After browsing through the source code of the functions listed in the stack trace, the erroneous code appears to be in BWindow::UpdateIfNeeded():

    BMessageQueue *queue = MessageQueue();
    queue->Lock();

    // First process and remove any _UPDATE_ message in the queue
    // With the current design, there can only be one at a time

    BMessage *msg;
    for (int32 i = 0; (msg = queue->FindMessage(i)) != NULL; i++) {
        if (msg->what == _UPDATE_) {
            BWindow::DispatchMessage(msg, this);
                // we need to make sure that no overridden method is called
                // here; for BWindow::DispatchMessage() we now exactly what
                // will happen
            queue->RemoveMessage(msg);
            delete msg;
            break;
                // NOTE: "i" would have to be decreased if there were
                // multiple _UPDATE_ messages and we would not break!
        }
    }

    queue->Unlock();

BWindow::DispatchMessage() is invoked while holding the message queue lock. DispatchMessage() calls various functions, including BView::Draw() which can be overridden by application developers. So, although the comment in UpateIfNeeded() suggests that calling DispatchMessage() is OK, it definitely is not.
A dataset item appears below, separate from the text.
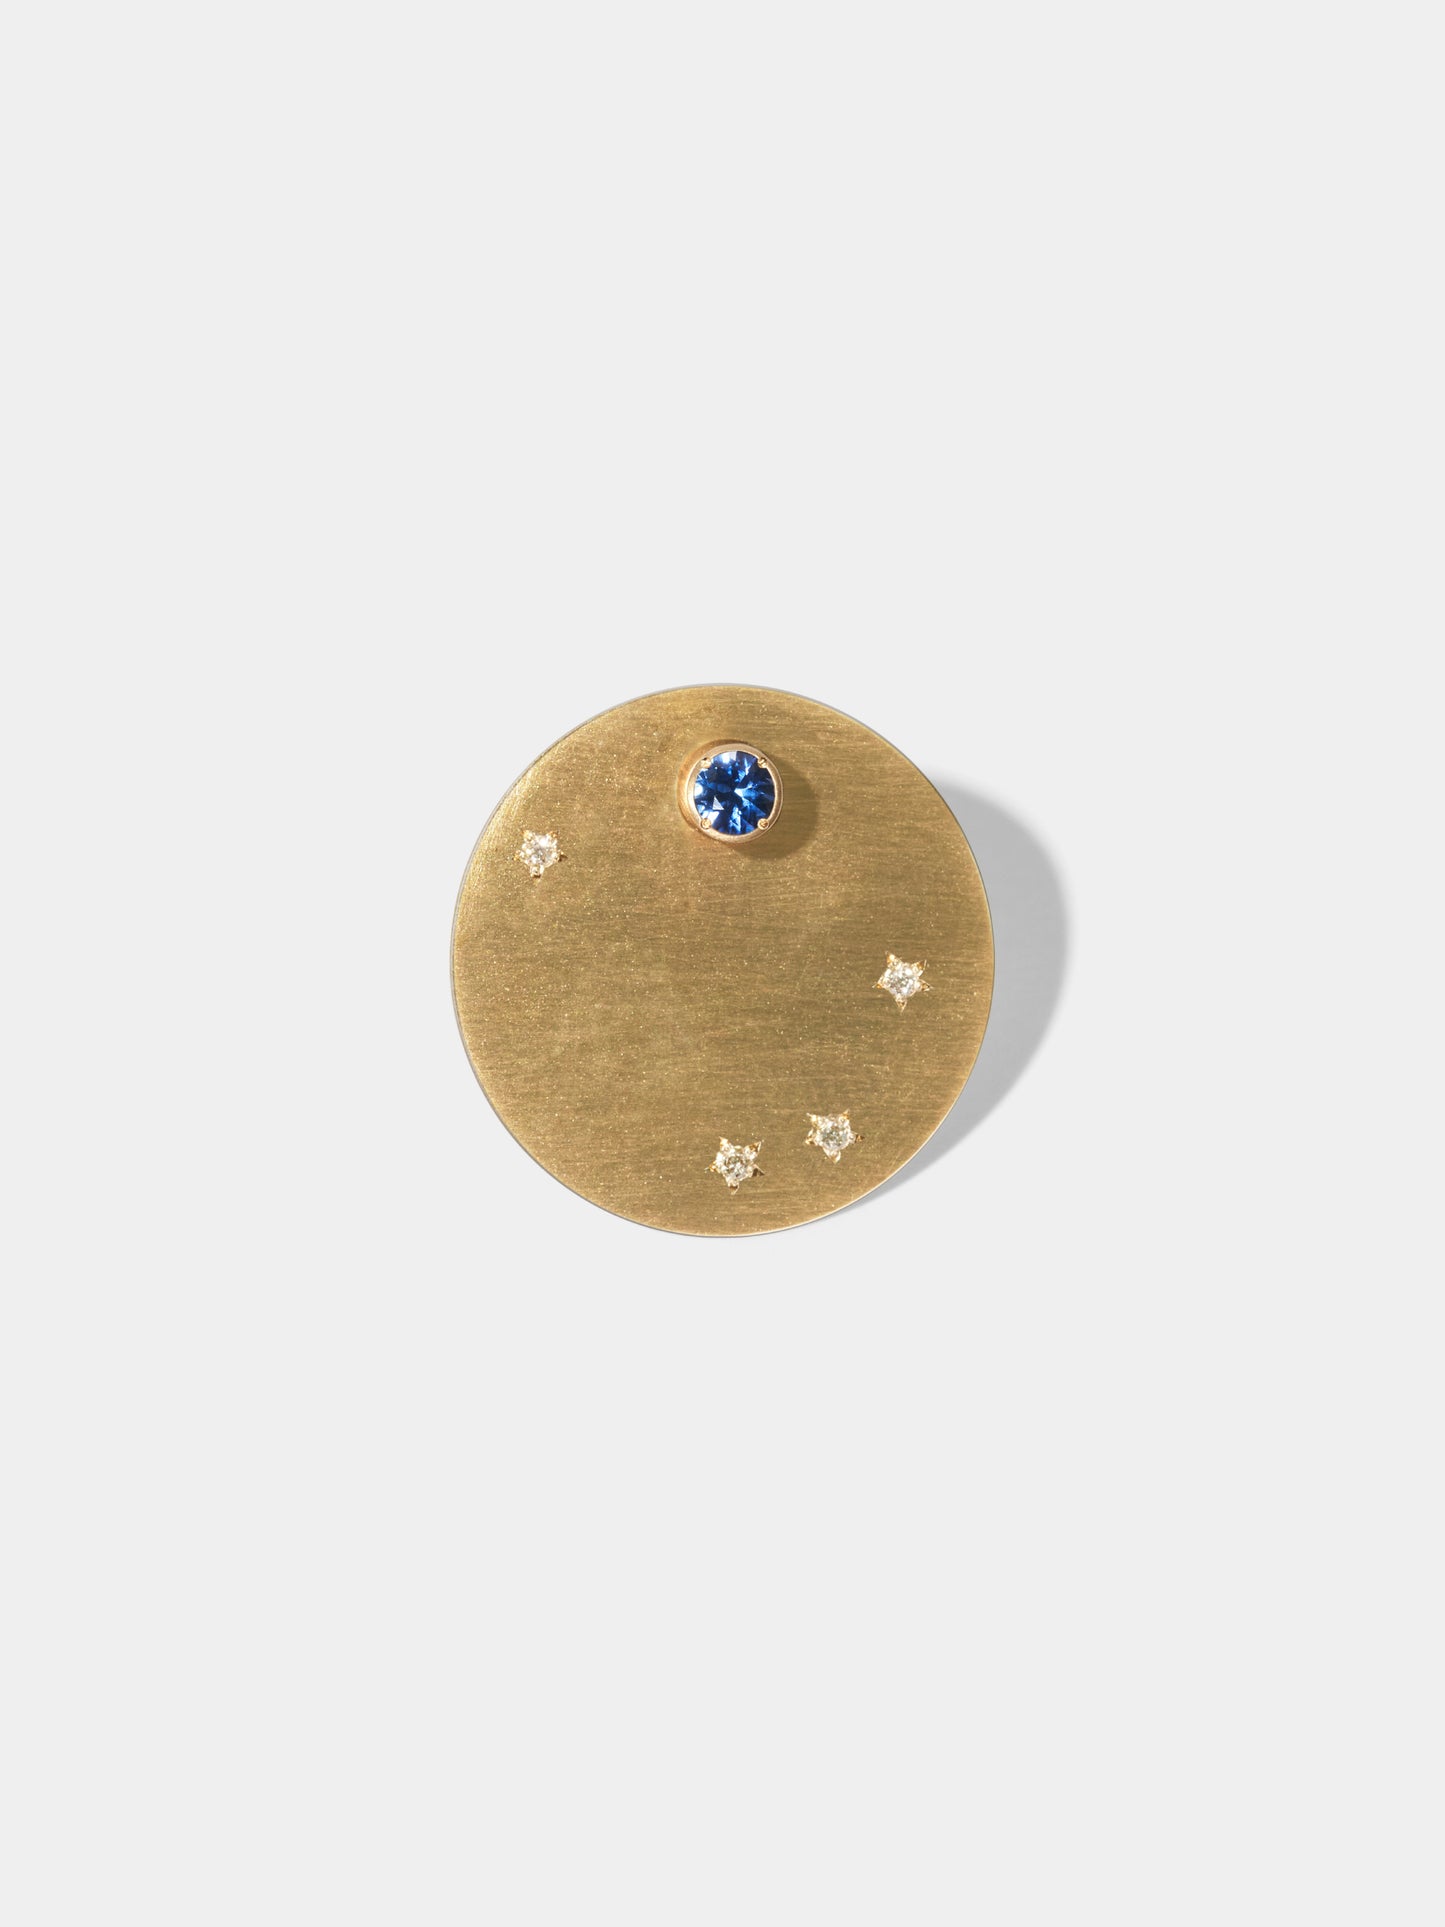 ASTERISM_Pierced Earring_Aries(牡羊座) / Sapphire

To sum up our findings: Tracker hangs because it's still in its initialization phase and waits forever for a reply message from the Deskbar. The Deskbar in turn has run into a standard deadlock with the BLooperList lock and the deskbar window's message queue lock involved. Main and window thread mutually wait for the lock the respective other thread holds.

Conclusion

Haiku's kernel debugger is a powerful tool whose usefulness does not end in the kernel domain. It can also help with certain userland problems, that would otherwise be tricky to tackle. This document gave an introduction to the basic features of the kernel debugger, its most commonly used commands, and the kernel tracing mechanism. It concluded with a documented debug session showing how to apply the previously presented information to track down a bug in practice.

I hope after reading this document, Haiku developers feel encouraged to also consider whether using the kernel debugger could lead them quicker to a solution when they face a problem in Haiku. Particularly keeping the inexpensive kernel tracing enabled at all times might provide helpful information right when it's needed.

Comments

Re: Welcome to Kernel Debugging Land...

Ingo, once again you have shown us that you are an amazing asset to the Haiku community. This is an excellent article - a pleasure to read. Well done, and drinks on me :)

Re: Welcome to Kernel Debugging Land...

Thanks for the article Ingo, I was excited to read about the additional Kernel debug functions but never quite knew how to use them. Your guide to the important commands was very clear. I lost some of the logic you used to interpret the output in the example debug session but I can see how all the information you needed was available through KDL. Neat.

Now if I see a problem in Haiku I might be tempted to do more than just F12->"reboot"!

Re: Welcome to Kernel Debugging Land...

Terrific article...thanks so much for it! You're very good at documentation, Ingo.

Re: Welcome to Kernel Debugging Land...

Excellent article, very very useful, thanks!

KDL key updated

the <F12> key have been replaced.
Now, if you want to enter the kernel debugger, you have to press <alt> + <SysReq> + <d> (in this order).

Re: KDL key updated

Good point :)

Also, PS2 is no longer mandatory as USB is also supported, but I think it's limited to UHCI-based controllers only (I am not certain about this).

If Ingo doesn't notice these comments, I'll try and remember to fix it in a couple days myself.